The book follows Ray across many years as he tries to balance these two sides of his life, keep his family ignorant of his more shady dealings and keep himself form getting himself killed.
The book has a colourful cast of characters as you'd expect from a story about the criminal underworld. It also paints a vivid picture of Harlem at the time, the power players and racial tensions that seethe beneath the surface of the seemingly thriving community.
Yes somehow this book didn't quite work for me. It wasn't gripping enough to satisfy as a crime novel, yet wasn't quite a character study or an examination of the society at the time. It was all three and it didn't quite work as any of these things entirely.
It's a hard one for me to talk about because I didn't dislike it. But I didn't really like it either. I think I was actually a little bored by it, if I'm being honest. There were some wonderful lines, but overall, I didn't find the writing to be that extraordinary. I think I'll need to try another one of Whitehead's books - I hear The Nickle Boys is good - before I cement my opinion.
So I'm not sure if I should recommend this one or not... Make your own mind up!
But don't take my word for it... Here's the blurb.
From the two-time Pulitzer Prize-winning author of The Underground Railroad and The Nickel Boys, a gloriously entertaining novel of heists, shakedowns, and rip-offs set in Harlem in the 1960s.“Ray Carney was only slightly bent when it came to being crooked…” To his customers and neighbors on 125th street, Carney is an upstanding salesman of reasonably priced furniture, making a decent life for himself and his family. He and his wife Elizabeth are expecting their second child, and if her parents on Striver’s Row don’t approve of him or their cramped apartment across from the subway tracks, it’s still home.
Few people know he descends from a line of uptown hoods and crooks, and that his façade of normalcy has more than a few cracks in it. Cracks that are getting bigger all the time.
Cash is tight, especially with all those installment-plan sofas, so if his cousin Freddie occasionally drops off the odd ring or necklace, Ray doesn’t ask where it comes from. He knows a discreet jeweler downtown who doesn’t ask questions, either.
Then Freddie falls in with a crew who plan to rob the Hotel Theresa—the “Waldorf of Harlem”—and volunteers Ray’s services as the fence. The heist doesn’t go as planned; they rarely do. Now Ray has a new clientele, one made up of shady cops, vicious local gangsters, two-bit pornographers, and other assorted Harlem lowlifes.
Thus begins the internal tussle between Ray the striver and Ray the crook. As Ray navigates this double life, he begins to see who actually pulls the strings in Harlem. Can Ray avoid getting killed, save his cousin, and grab his share of the big score, all while maintaining his reputation as the go-to source for all your quality home furniture needs?

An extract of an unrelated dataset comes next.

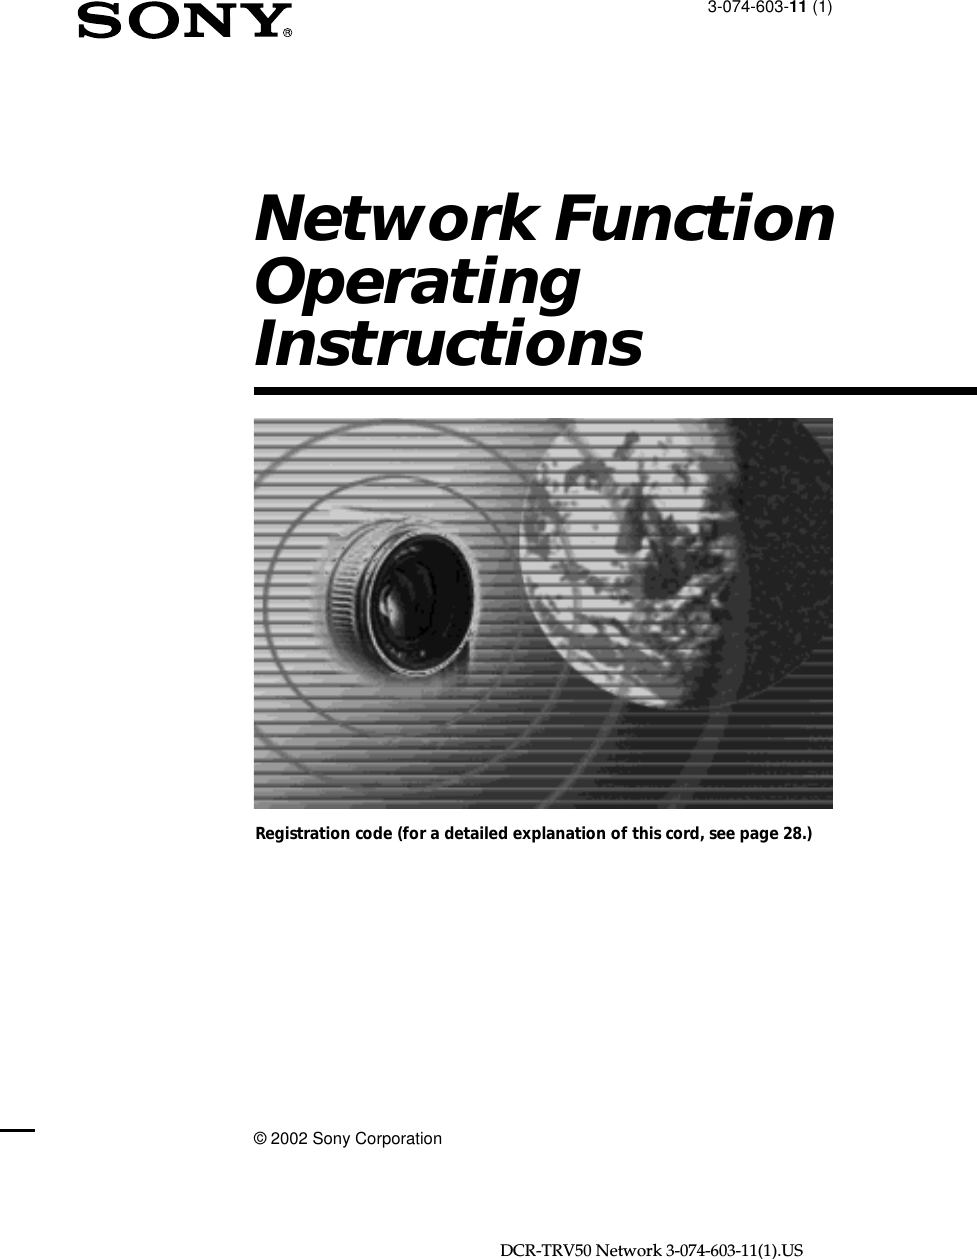 DCR-TRV50 Network 3-074-603-11(1).US3-074-603-11 (1)Network FunctionOperatingInstructions© 2002 Sony CorporationRegistration code (for a detailed explanation of this cord, see page 28.)

Harlem Shuffle’s ingenious story plays out in a beautifully recreated New York City of the early 1960s. It’s a family saga masquerading as a crime novel, a hilarious morality play, a social novel about race and power, and ultimately a love letter to Harlem.
But mostly, it’s a joy to read, another dazzling novel from the Pulitzer Prize and National Book Award-winning Colson Whitehead.
Interesting review. Sometimes you don't like something just because.